The set-up is simple. A squad of macho cops is called upon for backup in a remote part of the country called Ingelseac. On the way to the crime scene, they hit a pedestrian and their van slides off the road into a river. They can’t find the corpse of the man they hit, but they find a family catching frogs in the woods. The family directs the officers to an abandoned police station on the other side of the forest. There’s a cop car with its lights on in front of the building, so the police go in to investigate.

That’s a bad idea. It’s a horrible idea. Things go from bad to what the actual fuck real quick, and it becomes practically impossible to look away from the screen.

Let’s put it this way.
Remember that one scene in Event Horizon where the crew looks at the files after the ship came back from wherever it went, and there’s screaming and bleeding and general mayhem?
The Event Horizon went to the basement of the building in Baskin.

Visually rich, there are arcane symbols all over this movie.

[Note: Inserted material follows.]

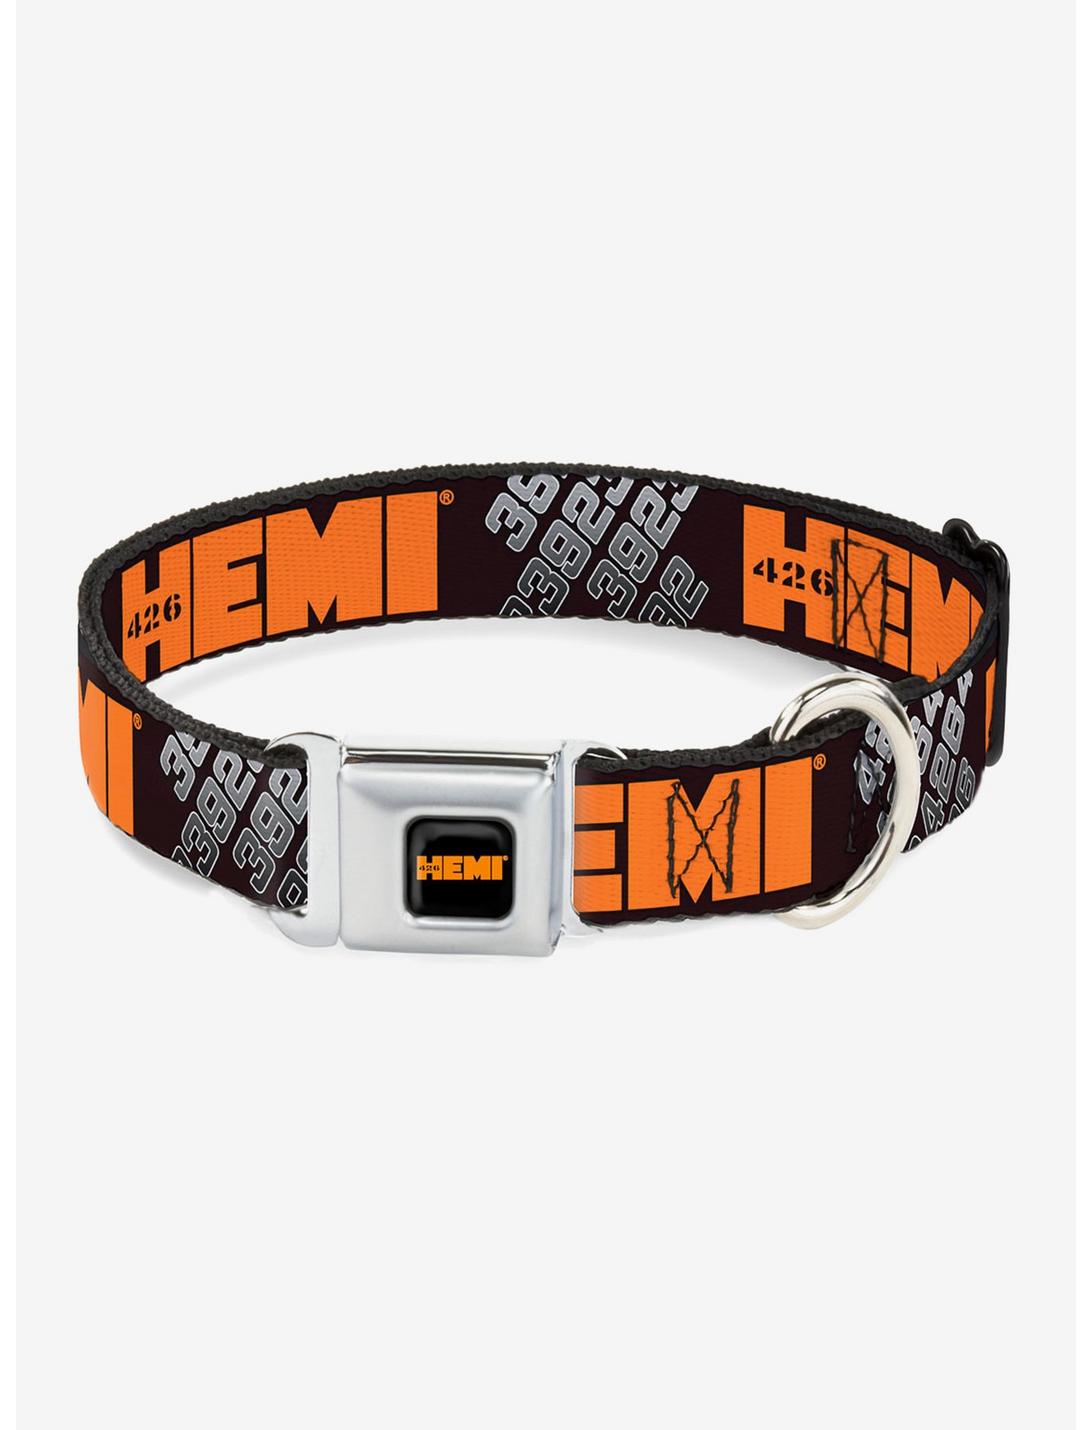 Hemi 426 Logo 392 426 Seatbelt Buckle Dog Collar, BLACK, hi-res

One doesn’t necessarily know what they mean, but they hit some kind of primal fear button, like the Stickman figures in The Blair Witch Project. Runes. Horrible diagrams. The sense that you’re seeing things you shouldn’t, like you’ve gotten a peek behind the curtain of reality, and now you can’t tell what plane of existence you’re on. It is unnerving, to say the very least.

Baskin may also be the filthiest film in years. I mean, actual filth. You thought the family in The Witch was dirty and mud-caked? Wait till you get a load of Baskin. Gore and dirt and hay and raffia cover grotesque characters in a shambling dance of depravity and despair, kind of like the bar at Applebee’s two hours before closing on a Friday.

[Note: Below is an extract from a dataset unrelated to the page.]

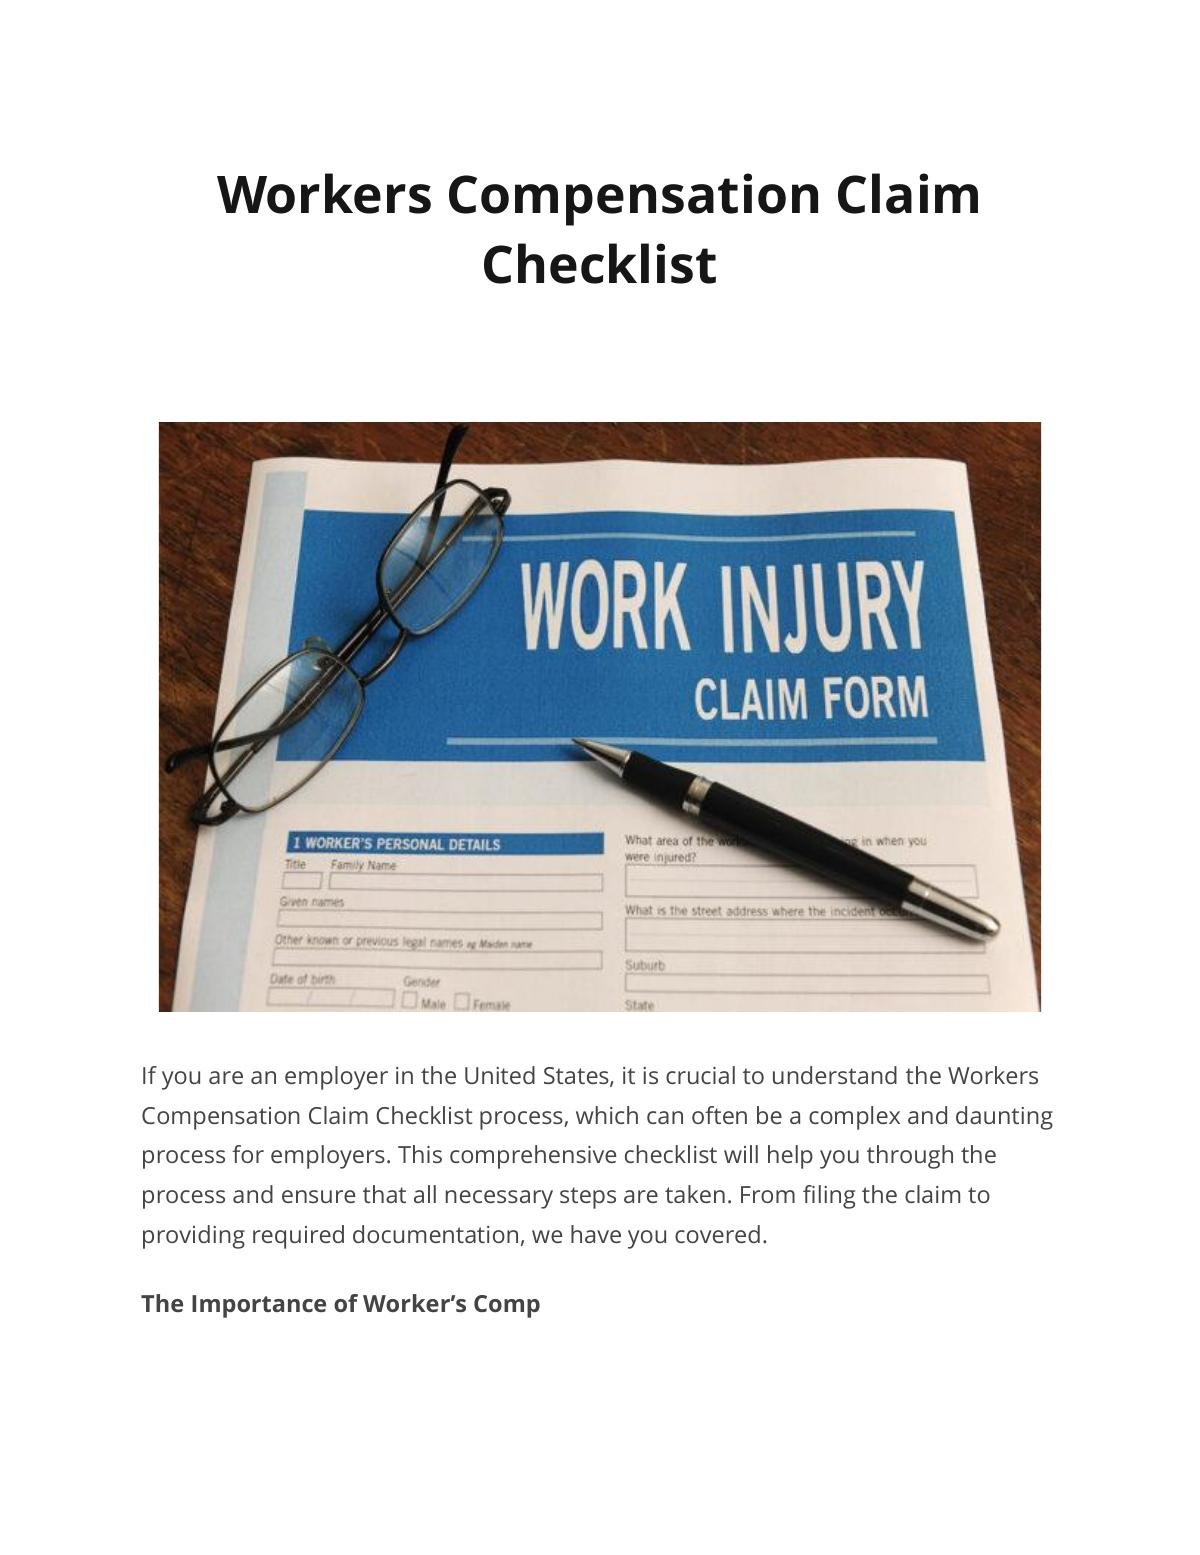 Workers Compensation Claim Checklist

Baskin is a bad dream of a movie, so it doesn’t explain things as much as it implies them. Your logical brain will want firm answers, but your subconscious mind will already have processed it. Relax. All the answers are provided, so don’t get all twisted.

It’s a weird, nasty movie. Even if its influences are obvious, especially in the blood deluge that is the last half hour, they are simply that: influences, as opposed to a rip-off. The sense of unease Baskin delivers is chilling and the camera doesn’t move away from much.

If you’ve been complaining about how lame horror movies are lately, put your money where your mouth is and see Baskin. It delivers the throat-punch you’ve been waiting for.

Baskin will be released in theaters and On Demand by IFC Midnight on March 25. Do it.